Non-recurring items had a negative impact of € 14 million on EBIT for the full period. Restructuring charges accounted for € 14 million and were mainly related to the plan to end industrial activities in Guarulhos, Brazil and transfer them to the existing site in Americana. Impairments on permanently tied-up metal inventories accounted for a € 6 million charge and are largely linked to a lower cobalt price at the end of the period. These charges were partly offset by non-recurring income including the gain on the sale of the European operations of Technical Materials. The negative impact of the non-recurring items on the net result (Group share) amounted to € 9 million.
Umicore has adopted IFRS 9 Financial Instruments as of 1 January 2018 which replaces the provisions of IAS 39 on accounting and classification of financial assets and liabilities, financial instruments and hedging. Therefore, Umicore no longer applies IAS 39 and no longer reports an IAS 39 effect.
Financial result and taxation
Net recurring financial charges totaled € 69 million, up compared to the previous year. Net interest charges increased as the € 690 million medium- and long-term debt was drawn down for the entire period. The accelerating growth in Asia also resulted in higher funding in local currency and higher forex costs.
The recurring tax charge for the period amounted to € 107 million, increasing in line with the higher underlying operating result and corresponding to a somewhat lower recurring effective tax rate of 24.4% vs 25.7% in 2017. The total tax paid in cash over the period amounted to € 127 million.
Cashflow from operations before changes in working capital increased to a record level of € 800 million.

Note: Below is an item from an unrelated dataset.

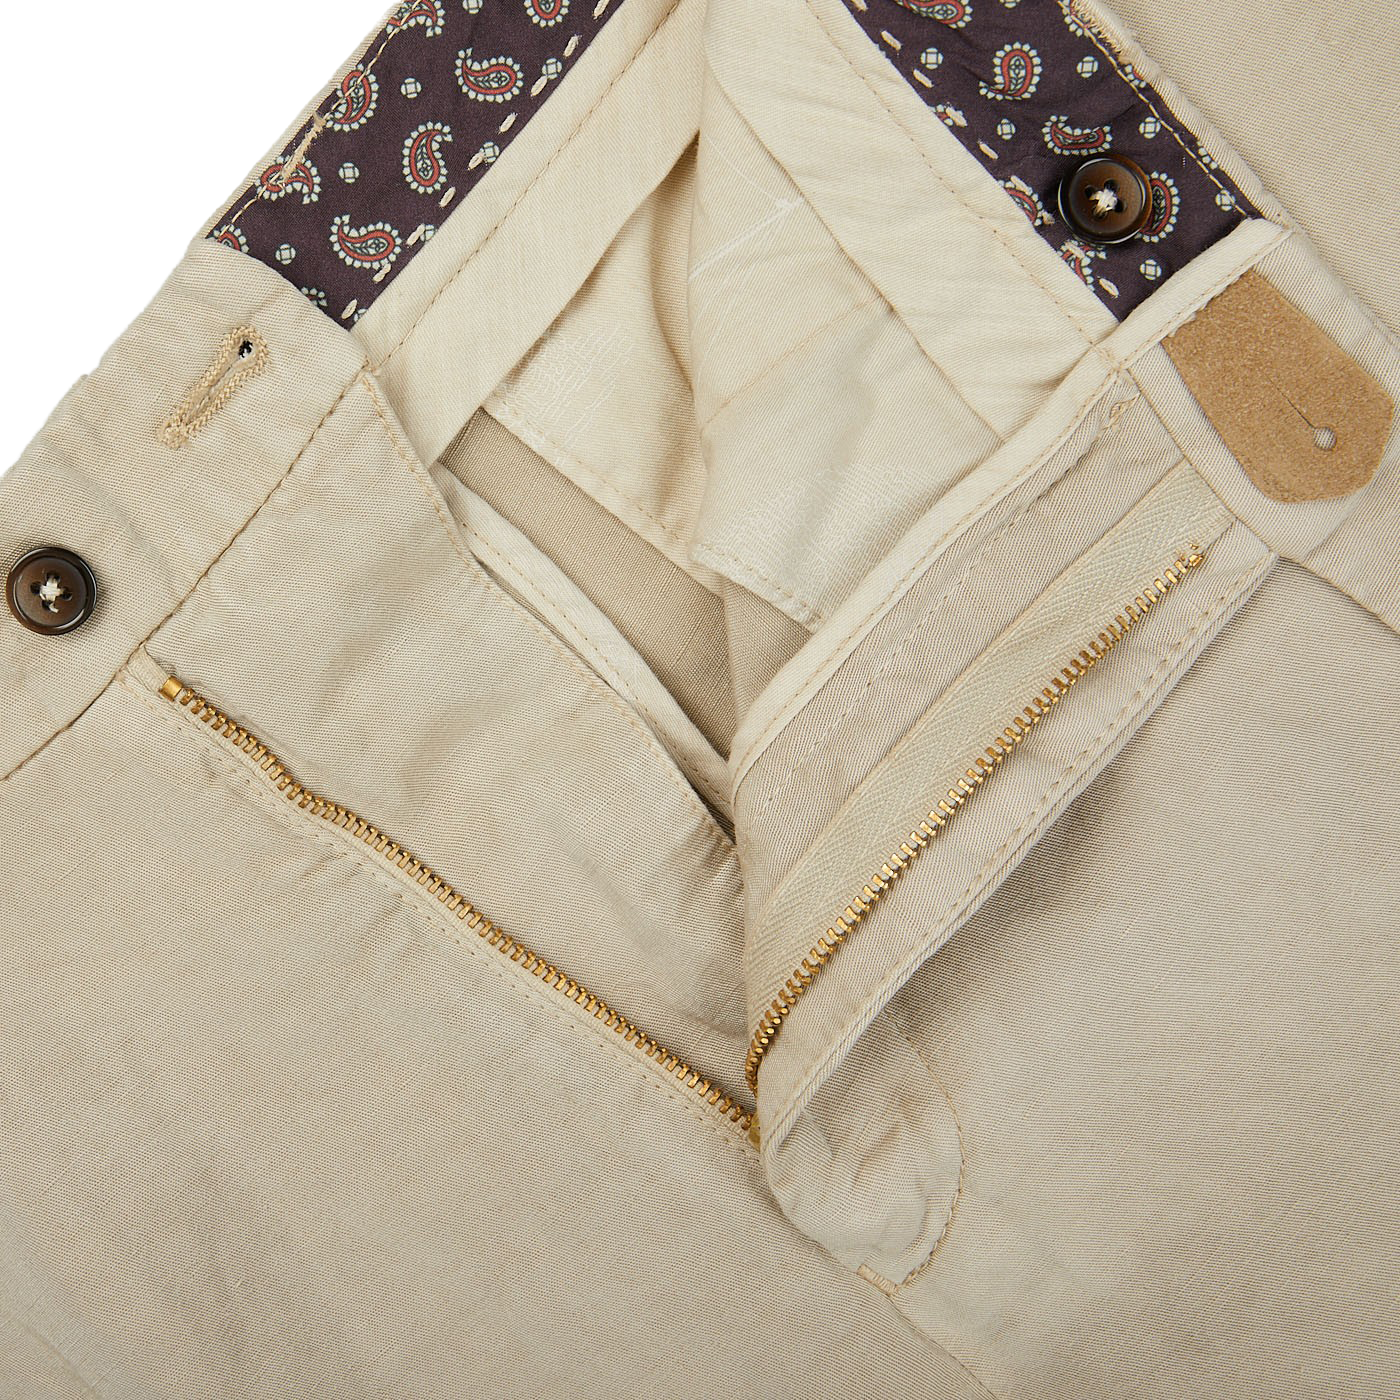 A close up of a pair of Berwich Light Beige Linen Blend Flat Front Trousers.

Most of this cash flow was used to fund a € 707 million increase in working capital.
This increase resulted from the business expansion and higher prices for certain metals, in particular in the Energy & Surface Technologies business group that accounted for more than two thirds of Umicore’s working capital increase.
Capital expenditures totaled € 478 million, up from € 362 million (excluding Discontinued Operations) in 2017, with the Energy & Surface Technologies business group accounting for two thirds of this amount. The capex spending in 2019 is expected to be higher than in 2018, driven by the greenfield expansions underway in Rechargeable Battery Materials, the capacity expansions in Catalysis and the investments to be carried out during the extended shutdown in Hoboken. Acquisitions and divestments accounted for a net cash outflow of € 95 million. This includes the increase in Umicore’s stake in its Chinese cathode material production entity to 90% and the acquisition of Materia’s metathesis catalysts business partly offset by the proceeds from the sale of the European operations of Technical Materials, all of which took place in the first half of the year.
Dividends paid to Umicore shareholders over the period amounted to € 175 million and the net cash outflow related to the purchase of treasury shares to cover stock options and share grants was € 79 million.
Net financial debt at 31 December 2018 stood at € 861 million, up from € 840 million at the start of the year. This reflects the € 881 million net proceeds from the February capital increase and the net free cash flow from the period. The majority of the outstanding financial debt is composed of the € 690 million longterm private debt placements in Europe and the United States.
Net financial debt at the end of the period corresponded to 1.2x recurring EBITDA which leaves ample balance sheet room to execute the growth strategy.
Group shareholders’ equity stood at € 2,609 million resulting in a net gearing ratio (net debt / net debt + equity) of 24.4% compared to 31% end of 2017.